I also found an interesting paper [
lib-ojs3.lib.sfu.ca]
"The entry of bananas: Contact with Asia
Contact between Africa and Asia fueled an exchange
of crops, but the timing and nature of these transfers of
plants and technology are murky. Sorghum, a crop indigenous
to Africa, appeared in South Asia earlier than current
archaeological evidence for its domestication in Africa
(Fuller 2003). Moving in the opposite direction, the
introduction of bananas to Africa is not well understood,
although two primary scenarios have been proposed.
The first entails introduction in several waves via the In-"

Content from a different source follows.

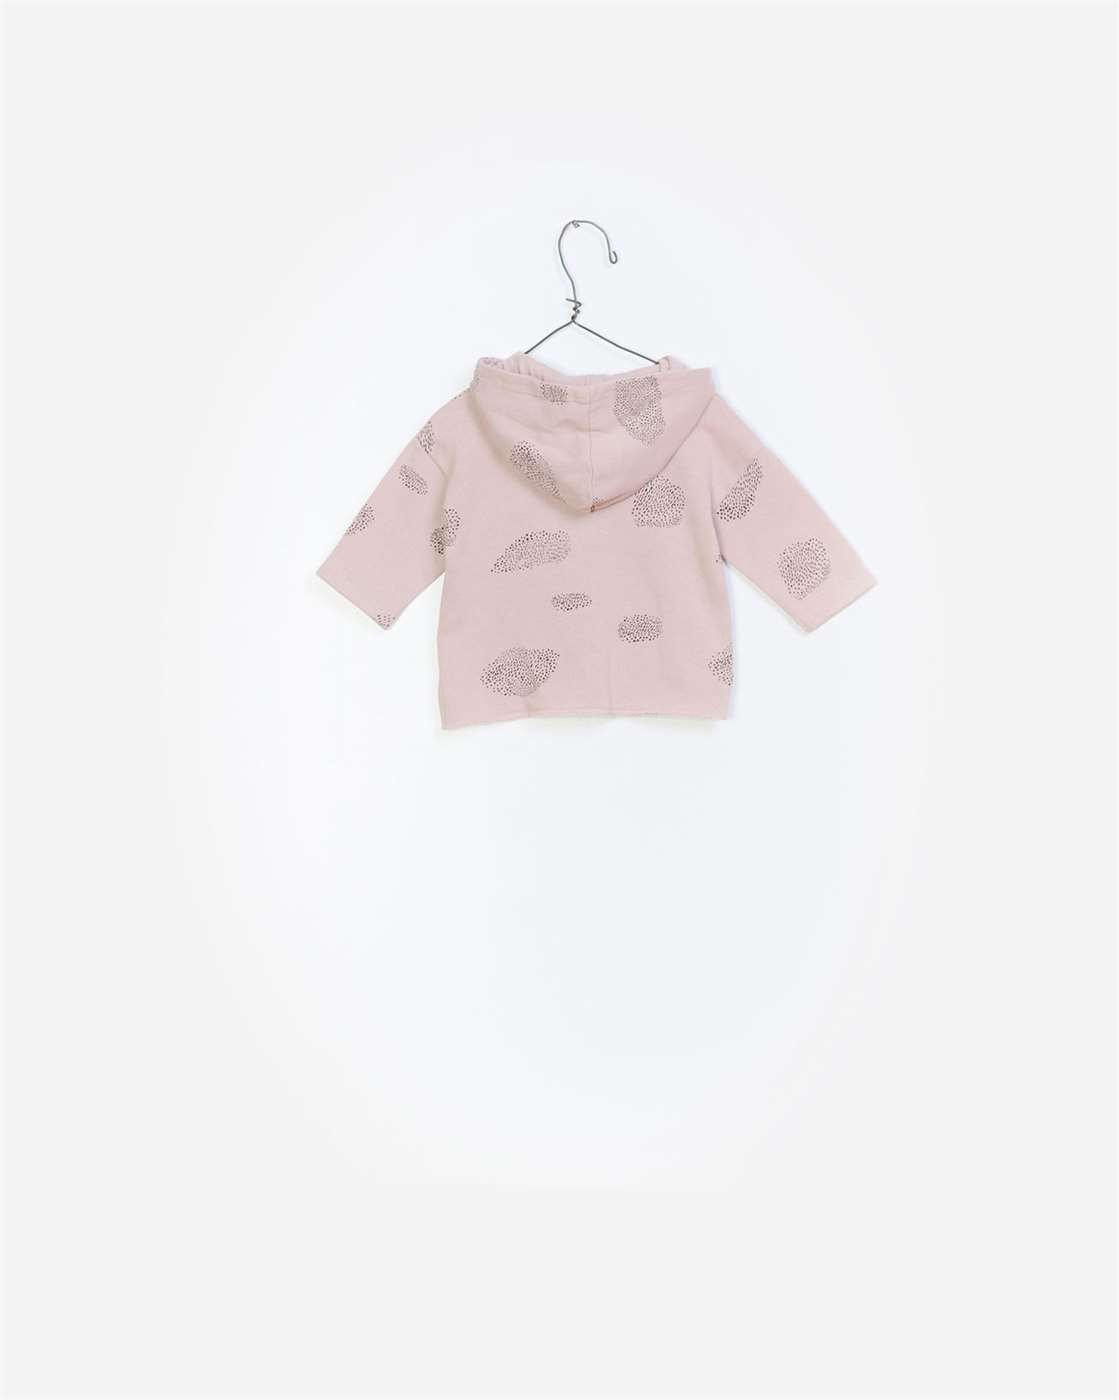 BeeBoo|BeeBoo PlayUp vêtement bébé baby cloth veste jacket felpa coton bio organic cotton rose pink 2

dian Ocean, starting more than 2000-3000 years ago (De
Langhe et al. 1994/95, De Langhe & de Maret 1999). The
second suggests introduction to eastern Africa by people
of Malaysian-Indonesian origin, possibly via Madagascar,
in the first millennium A.D. (Rossel 1998:220, Simmonds
1966, Smartt & Simmonds 1995, Vansina 1990:64). Data
derived from outside archaeology argue for the earlier
scenario: Africa has a strikingly high number of cultivars,
among them both AAB plantains cultivated in the Central
African rainforest (c. 120 genetically distinct varieties) and
AAA bananas in the eastern African highlands (c. 100 varieties).
Such high diversity could only have developed
through somatic mutation, requiring a long time of cultivation
and selection by local farmers (De Langhe et al.
1994/95).
Blench (2009) proposes a third scenario for banana introduction.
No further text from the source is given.